His first tip? “Consider [movement outside the room] only for patients who are contact precautions and not the patients on other types of isolation precautions, like airborne and droplet. You might consider limiting it only to patients who are colonized with organisms that you’re interested in having precautions [for] and not with patients who have active infections,” said Dr, Sandora.
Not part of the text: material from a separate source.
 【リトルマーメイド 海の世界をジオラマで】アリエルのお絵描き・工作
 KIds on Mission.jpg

He shared that at Boston’s Children Hospital, they have a few organisms, such as “selective multidrug-resistant organisms” with “lower stakes,” like methicillin-resistant Staphylococcus aureus
(MRSA) and vancomycin-resistant Enterococci (VRE), for which they’ll “create a way for patients to be outside of the room.”
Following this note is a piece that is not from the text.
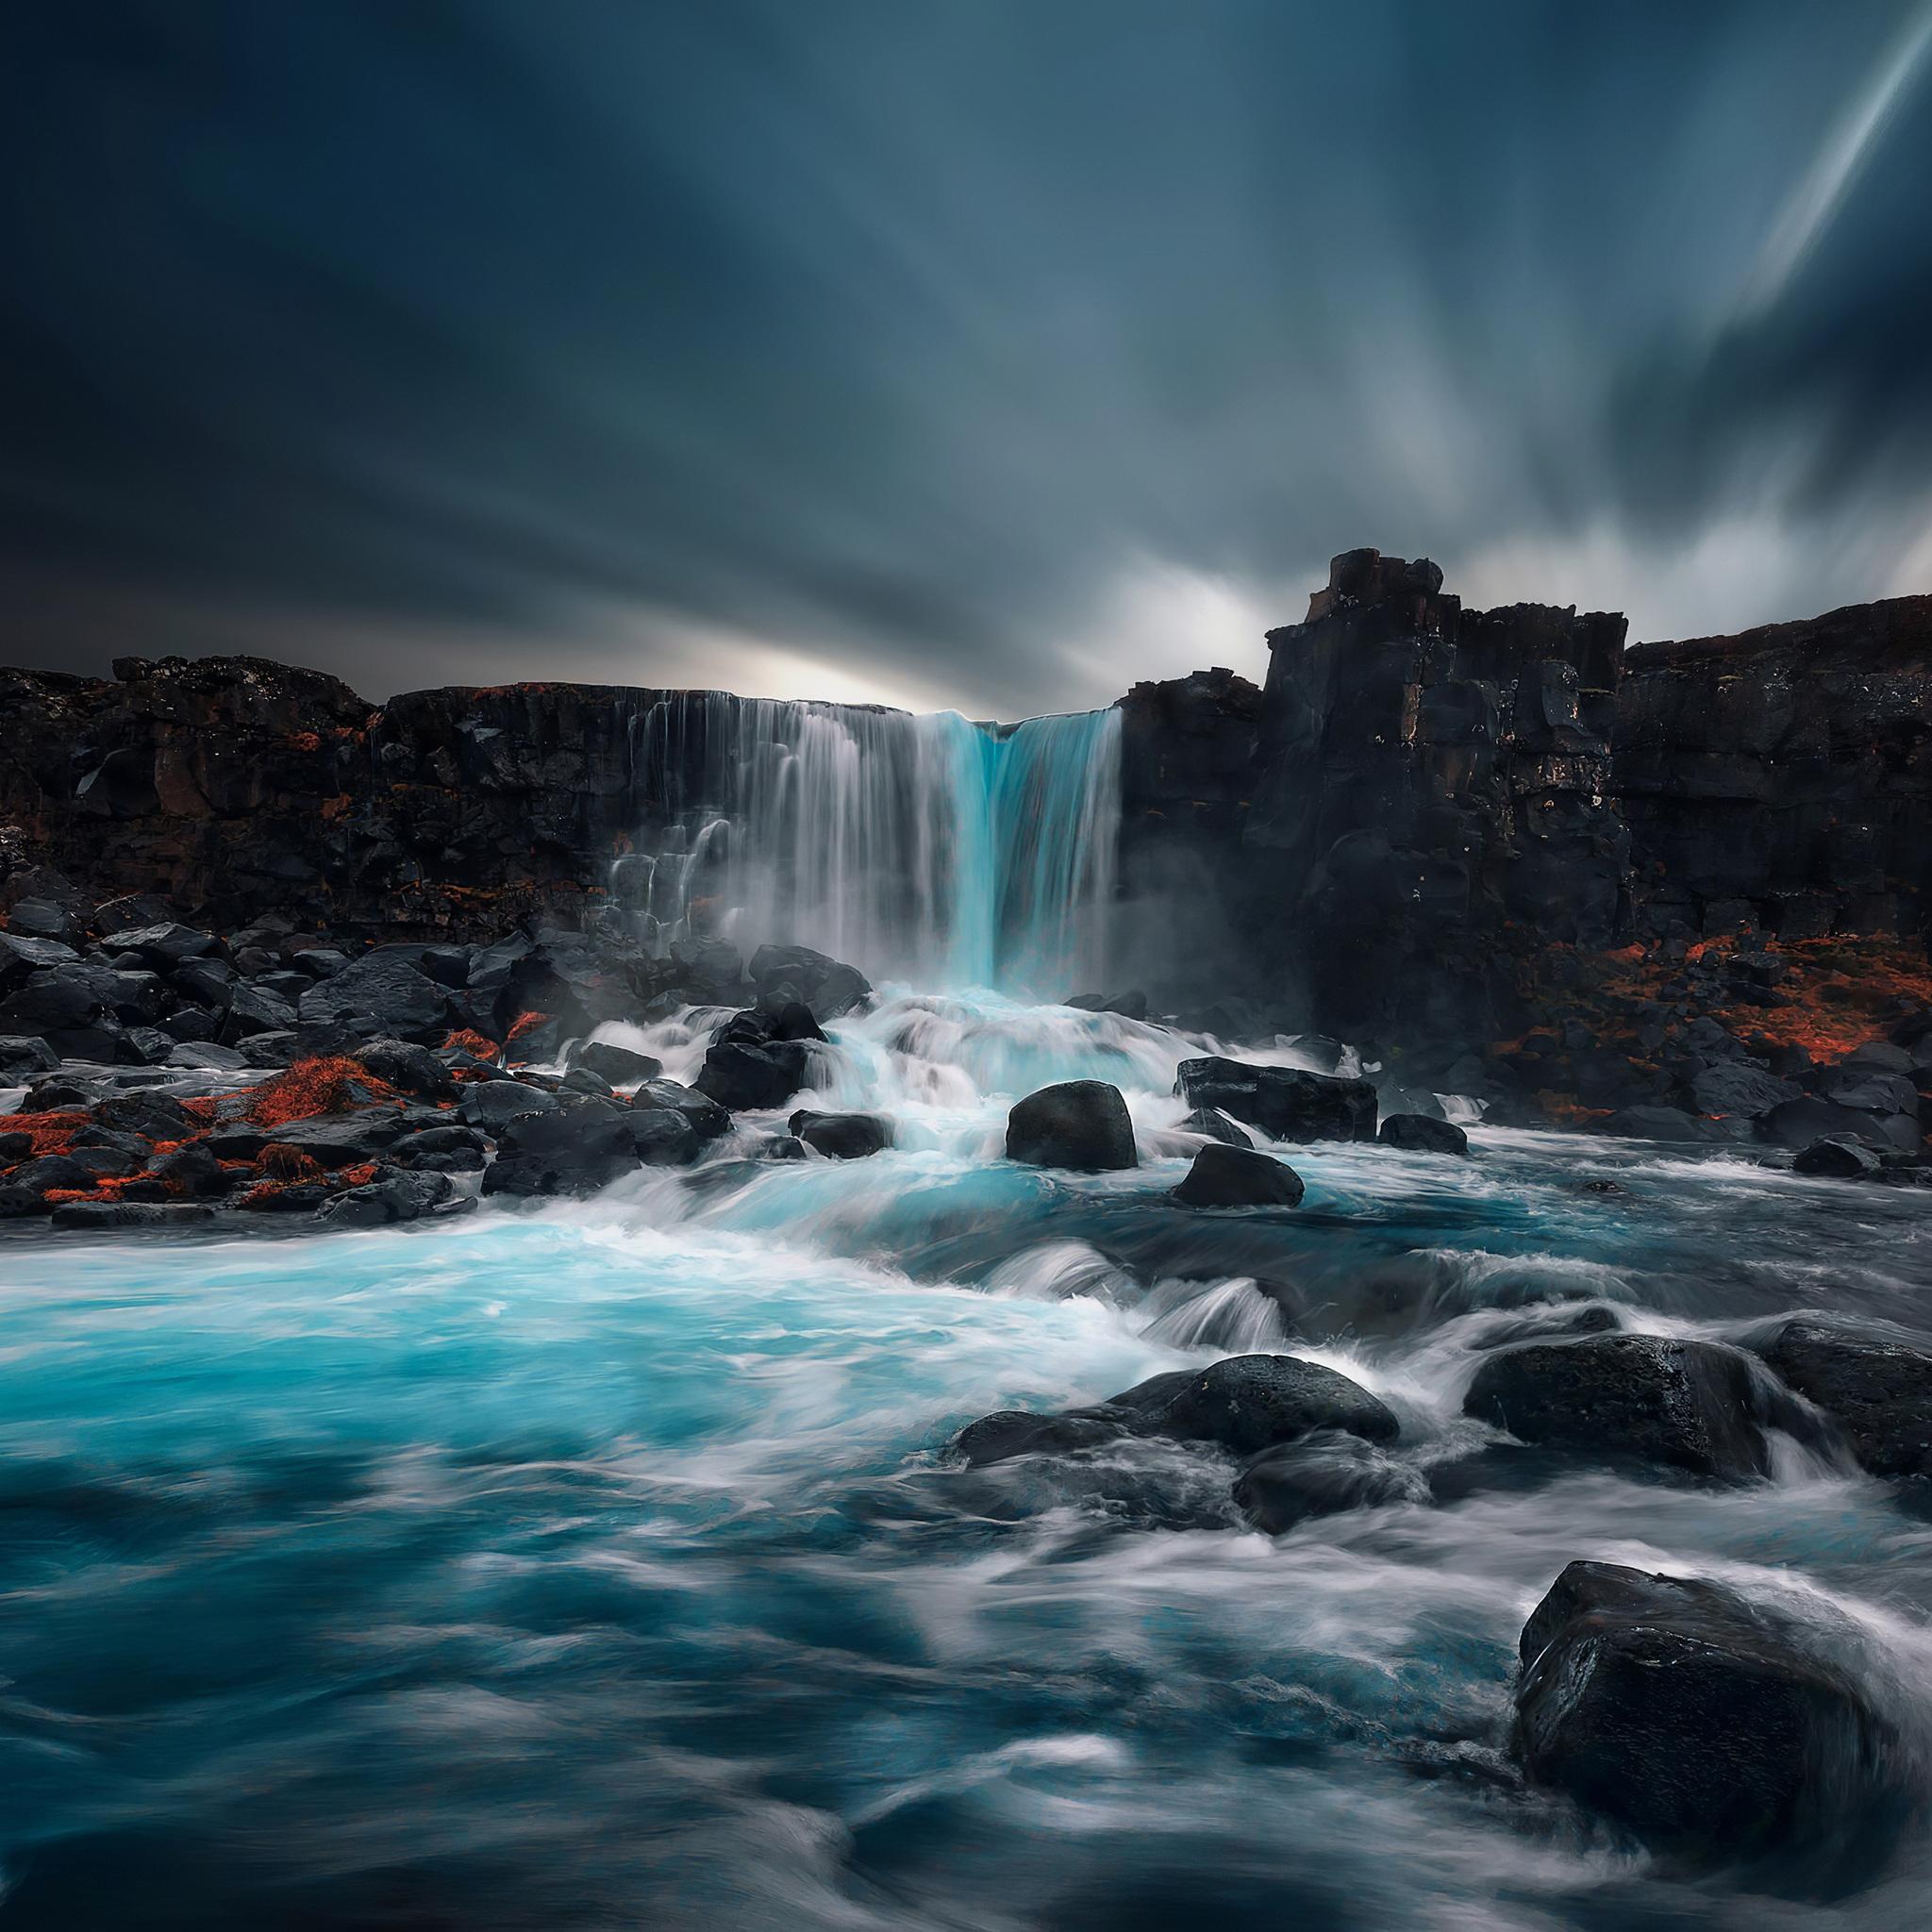 waterfall-rocks-4k-ch.jpg

“If you’re going to do this,” he suggested, “I would encourage you to develop a set of factors that you might consider in deciding for each individual patient concerning whether or not you’ll allow them to have some time outside of their room.” The factors to consider include: age of patient, continence, behavioral issues, and family willingness to follow instructions. He warned that at Boston’s Children Hospital, they typically do not allow children to be outside of the room if they have: active respiratory syncytial virus (RSV), viral gastroenteritis, or Clostridium difficile
“The next tip I would give you is to create a plan of how that time outside of the room is going to happen. Think about the destinations to which you’ll allow the patient and family to go, the route to get there, and the timing of when those visits could happen, how long you’ll let them be outside the room, and whether or not you want staff to accompany them,” Dr. Sandora continued. He suggested to allow these patients to take advantage of outdoor locations, (for example: the Boston Children Hospital’s garden), or places that have less patients, which means less potential for contact with other patients who are not on precautions. For this reason, Dr. Sandora said that mindfulness of scheduling room exits at times when other patients will be less likely to be around is also a good strategy.
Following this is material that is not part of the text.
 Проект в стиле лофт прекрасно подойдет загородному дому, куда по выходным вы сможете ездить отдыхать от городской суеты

For patients and families who you feel may be less compliant with instructions, you may want to think about using staff members to accompany them during the time outside of the room. Staff may also arrange private playtime, which entails working “with your child life [specialists] to have them bring play materials inside the patient’s room, so that they can be sort of distracted and having fun in the room and not have that urge to exit,” Dr. Sandora said. He also suggested closing off the activity room for a period of time for private playtime under supervision and then thoroughly cleaning it before re-opening it to other patients.